Joe Garner is Professor of Comparative Biomedicine at Stanford University, where his work on animal models and experimental design has made him one of the leading voices on reproducibility in biomedical research. His keynote challenges researchers to move beyond “what did we control?” and ask instead: “what did we choose to ignore — and at what cost?”
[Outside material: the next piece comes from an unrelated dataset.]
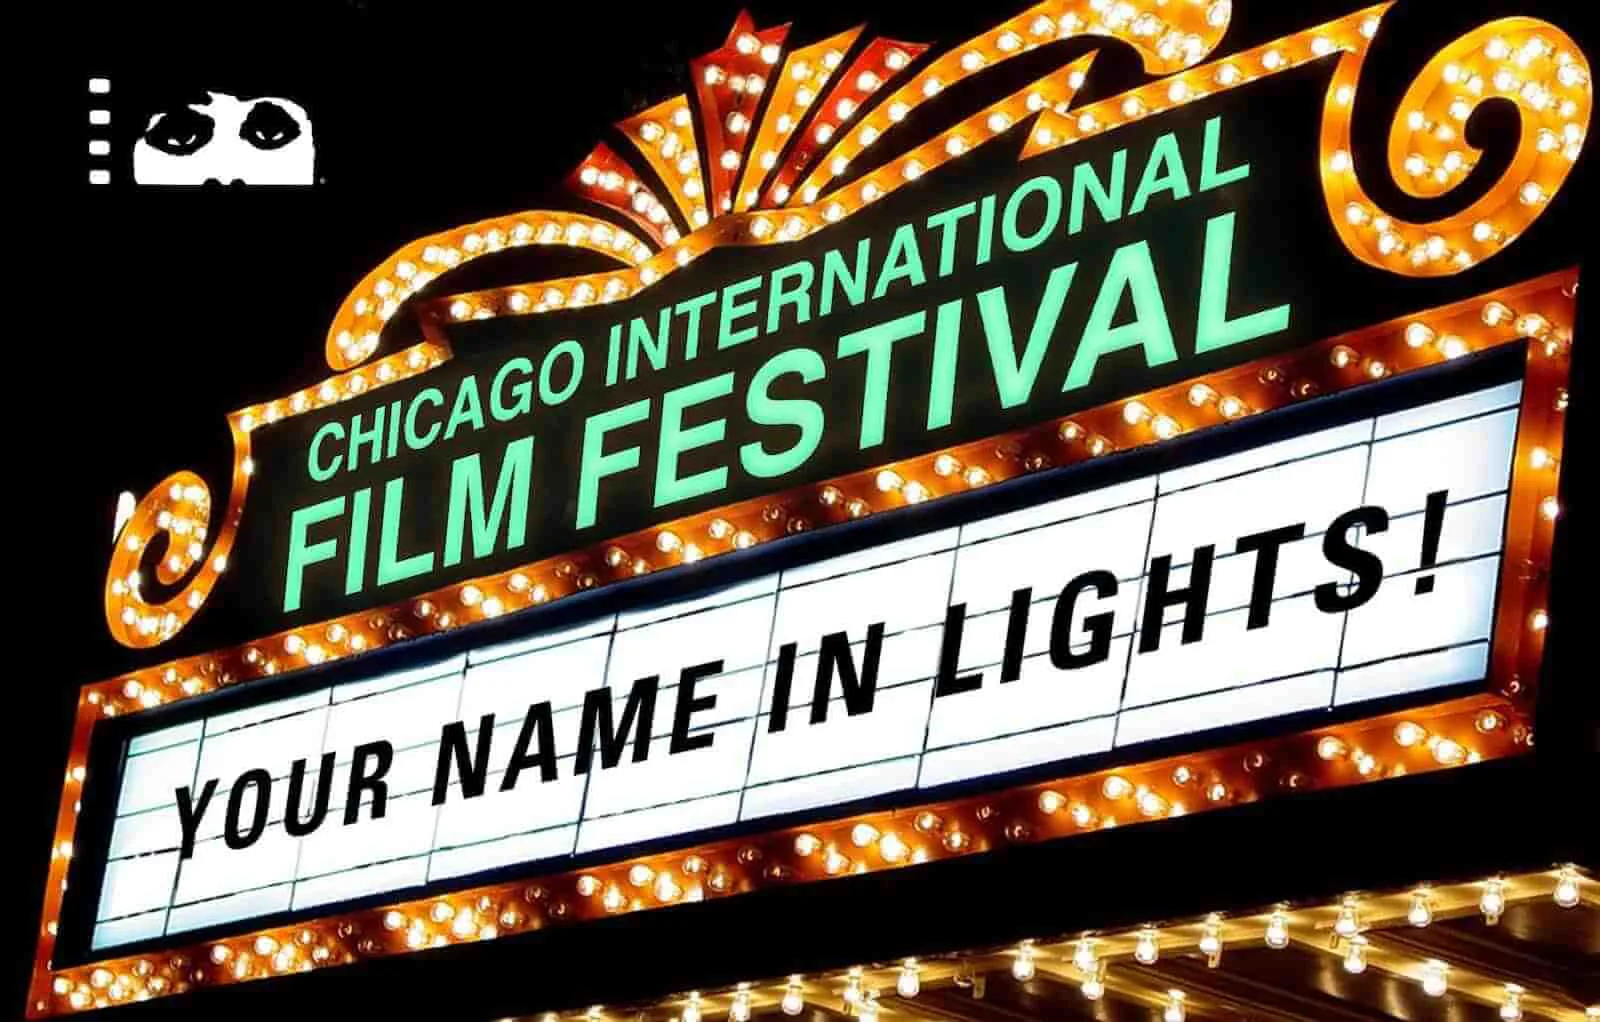 Best Film Festivals - Chicago Film Festivals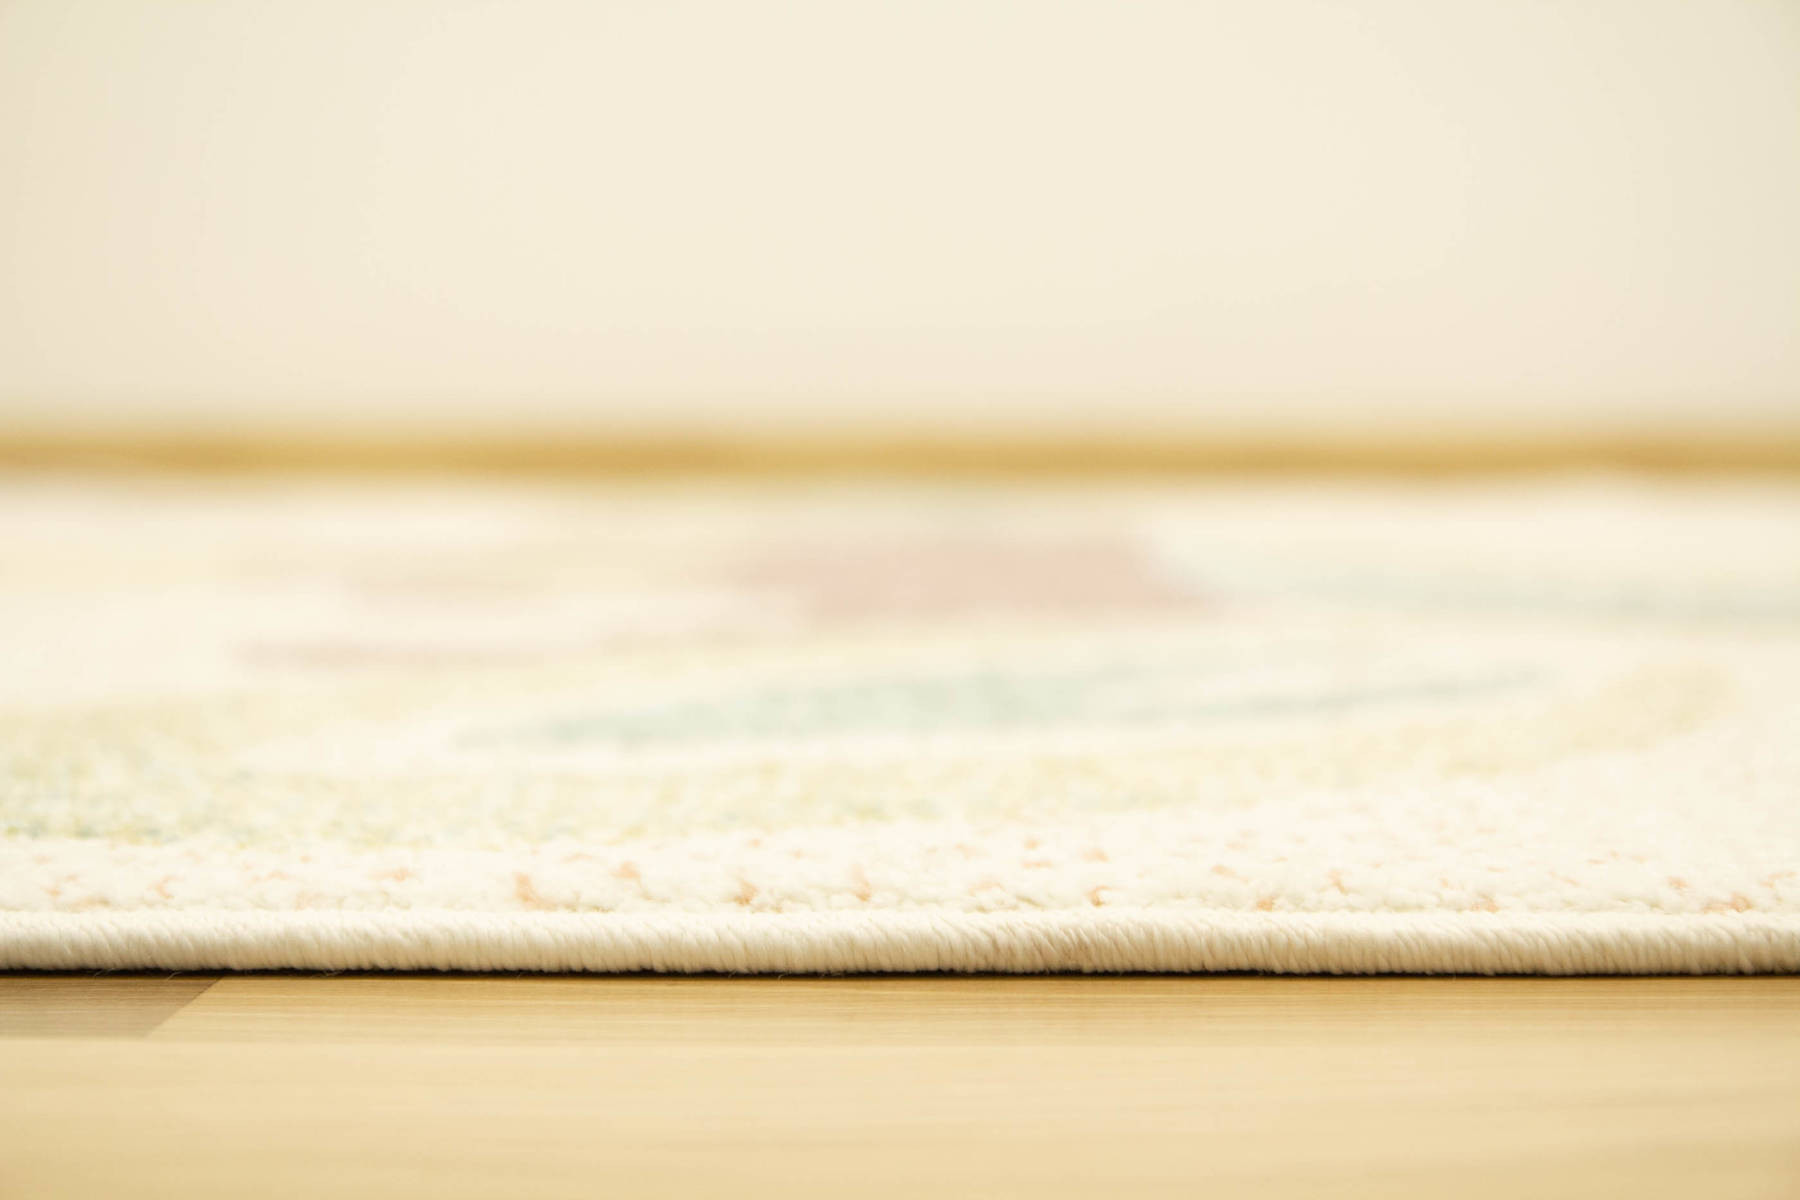 Dětský koberec Lima B070A krémový / růžový

Further information about Joe Garner’s work

Beyond3Rs: https://med.stanford.edu/beyond3rs.html
Stanford website: med.stanford.edu/profiles/Joseph_Garner
Papers: scholar.google.com/citations?user=JThS8LMAAAAJ
Mouse ethogram: www.mousebehavior.org

Talk abstracts

  1. Keynote lecture: Changing the scientific mindset in biomedical studies (Joe Garner). This seminar explores a necessary shift in perspective in biomedical research: moving from the question “What have we controlled for?” to a more critical one: “What have we chosen to ignore, and at what cost?” Using examples from studies employing animal models, it highlights six common blind spots that can compromise scientific conclusions: ignored differences in the biology of the animal model, ignored characteristics of the modeled human disease, ignored limitations of the measurements used, ignored environmental factors, ignored impacts of animal welfare, and ignored principles of experimental design and statistics. The seminar demonstrates how recognizing these implicit assumptions can improve the validity, reproducibility, and ethical foundations of biomedical research.
  2. Ethics at the bench (1): Experimental design and data presentation (Frédéric Schutz). This seminar examines sources of bias in research, with examples from mouse studies. It shows how bias can arise even when researchers act in good faith, and why safeguards such as controls, randomization, and blinding are essential. It also emphasizes that the goal of science is not to prove hypotheses but to challenge them rigorously. The seminar further explores how uncontrolled environmental variability—such as cage effects, where animals sharing a cage are not statistically independent—can influence experimental outcomes. Finally, it addresses bias in data visualization and reporting, highlighting how misleading graphs or ambiguous error bars can distort interpretation and emphasizing the need for transparent presentation of data.
  3. Ethics at the bench (2): Beautification, manipulation, and AI: ethics of scientific images (Romain Gosselin). This seminar examines ethical issues related to the handling and manipulation of scientific images in biomedical research, mostly focusing on immunoblotting. It emphasizes that digital images are full-fledged data that must be handled with the same rigor as any other dataset. The presentation discusses how choices made during image acquisition, processing, analysis, and reporting can introduce bias. It also reviews common questionable practices, such as excessive contrast adjustment, saturation, cropping, or duplication of image elements. Finally, the seminar highlights the concerns raised by the abrupt rise of generative artificial intelligence, which now enable the generation of highly realistic synthetic images indiscernible from genuine images. Implications for research integrity and the need for awareness, good practices, and appropriate detection tools are discussed.
  4. Presentation of the FBM Ombudsman (Christian Kern). The Ombudsman of the Faculty of Biology and Medicine (FBM) at UNIL will introduce his role and mission. He will explain the mechanisms for reporting suspected scientific misconduct, which may arise in all types of research—clinical or basic—and may involve human subjects, animals, or biological material. In cases of suspected misconduct, the Ombudsman acts as an advisory and guidance authority. The Ombudsman will present several examples of situations that may constitute breaches of scientific integrity in clinical practice or laboratory research.